Mearns, ES, Kohn, CG, Song, JS, Hawthorne, J, Meng, J, White, CM, Raut, MK, Schein, JR, Coleman, CI
Thrombosis research. 2014;(2):310-9
Abstract
INTRODUCTION Patients with venous thromboembolism (VTE) frequently require vitamin K antagonists (VKAs) to prevent recurrent events, but their use increases hemorrhage risk. We performed a meta-analysis to assess the quality of international normalized ratio (INR) control, identify study-level predictors of poor control and to examine the relationship between INR control and adverse outcomes in VTE patients.
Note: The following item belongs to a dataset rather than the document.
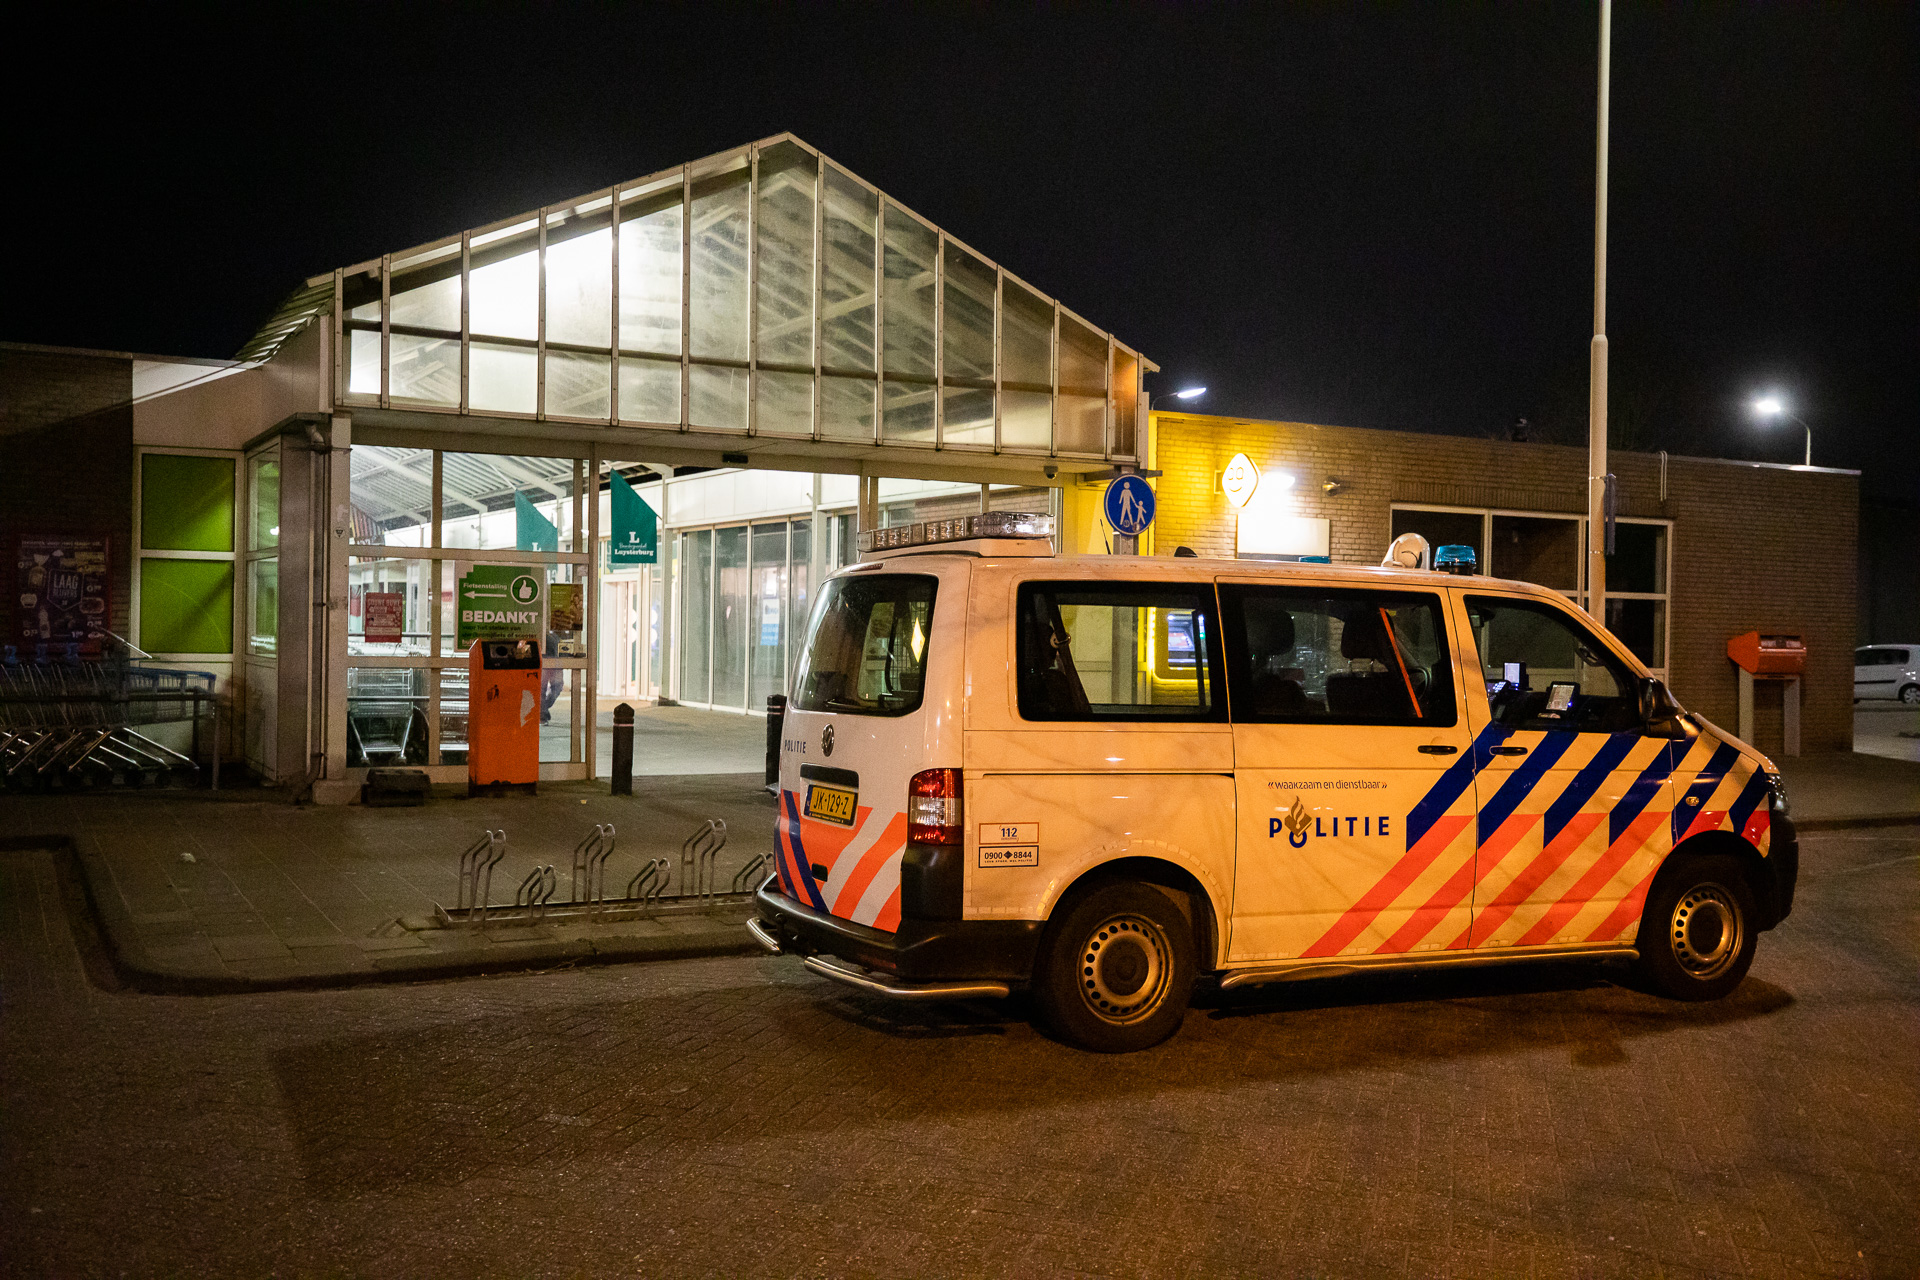 Opnieuw overval op supermarkt Tolbergcentrum, politie zoekt getuigen
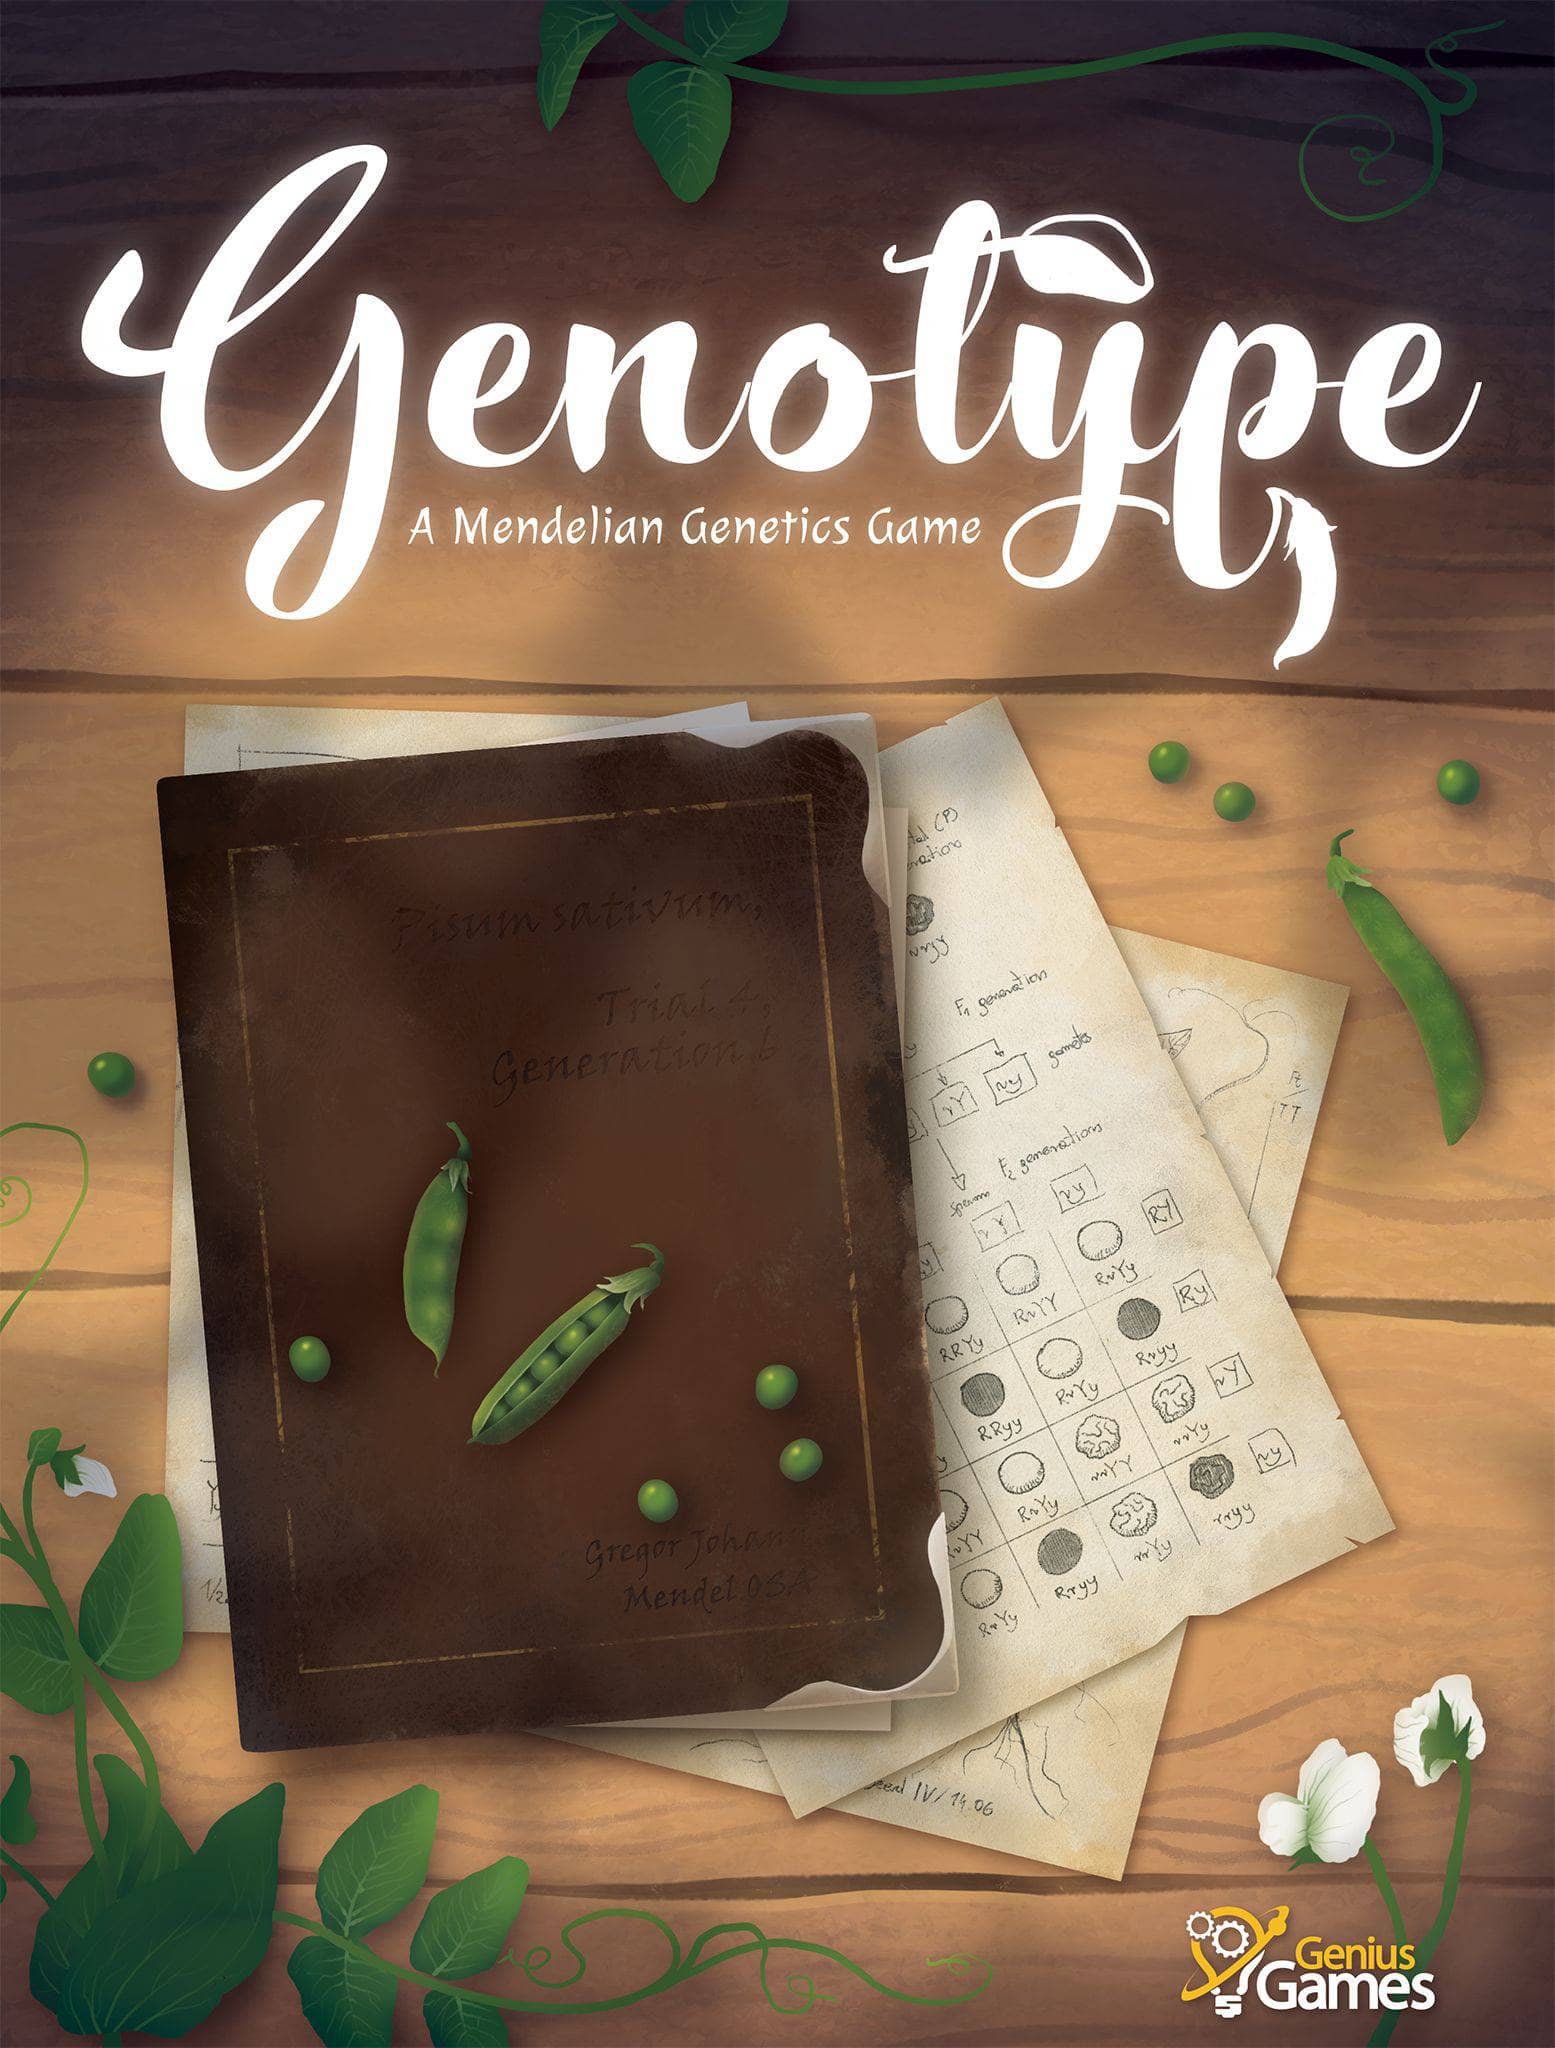 גנוטיפ: חבילת המהדורה של אספן גנטיקה של מנדליאן משחק (Kickstarter Special)

MATERIALS AND METHODS We searched bibliographic databases (1990-June 2013) for studies of VTE patients receiving adjusted-dose VKAs that reported time in range (2.0-3.0) or proportion of INRs in range and/or reported INR measurements coinciding with thromboembolic or hemorrhagic events. Meta-analysis and meta-regression analysis was performed. RESULTS Upon meta-analysis, studies found 59% (95%CI: 54-64%) of INRs measured and 61% (95%CI: 59-63%) of the time patients were treated were spent outside the target range of 2.0-3.0; with a tendency for under- versus over-anticoagulation. Moreover, this poor INR control resulted in a greater chance of recurrent VTE (beta-coefficient=-0.46, p=0.01) and major bleeding (beta-coefficient=-0.30, p=0.02). Patients with an INR<2.0 made up 58% (95%CI: 39-77%) of VTE cases, while those with an INR>3.0 made up 48% (95%CI: 34-61%) of major hemorrhage cases. Upon meta-regression, being VKA-naïve (-14%, p=0.04) and treated in the community (-7%, p<0.001) were associated with less time in range, while being treated in Europe/United Kingdom (compared to North America) was associated with (11%, p=0.003) greater time. CONCLUSIONS Strategies to improve INR control or alternative anticoagulants, including the newer oral agents, should be widely implemented in VTE patients to reduce the rate of recurrent events and bleeding.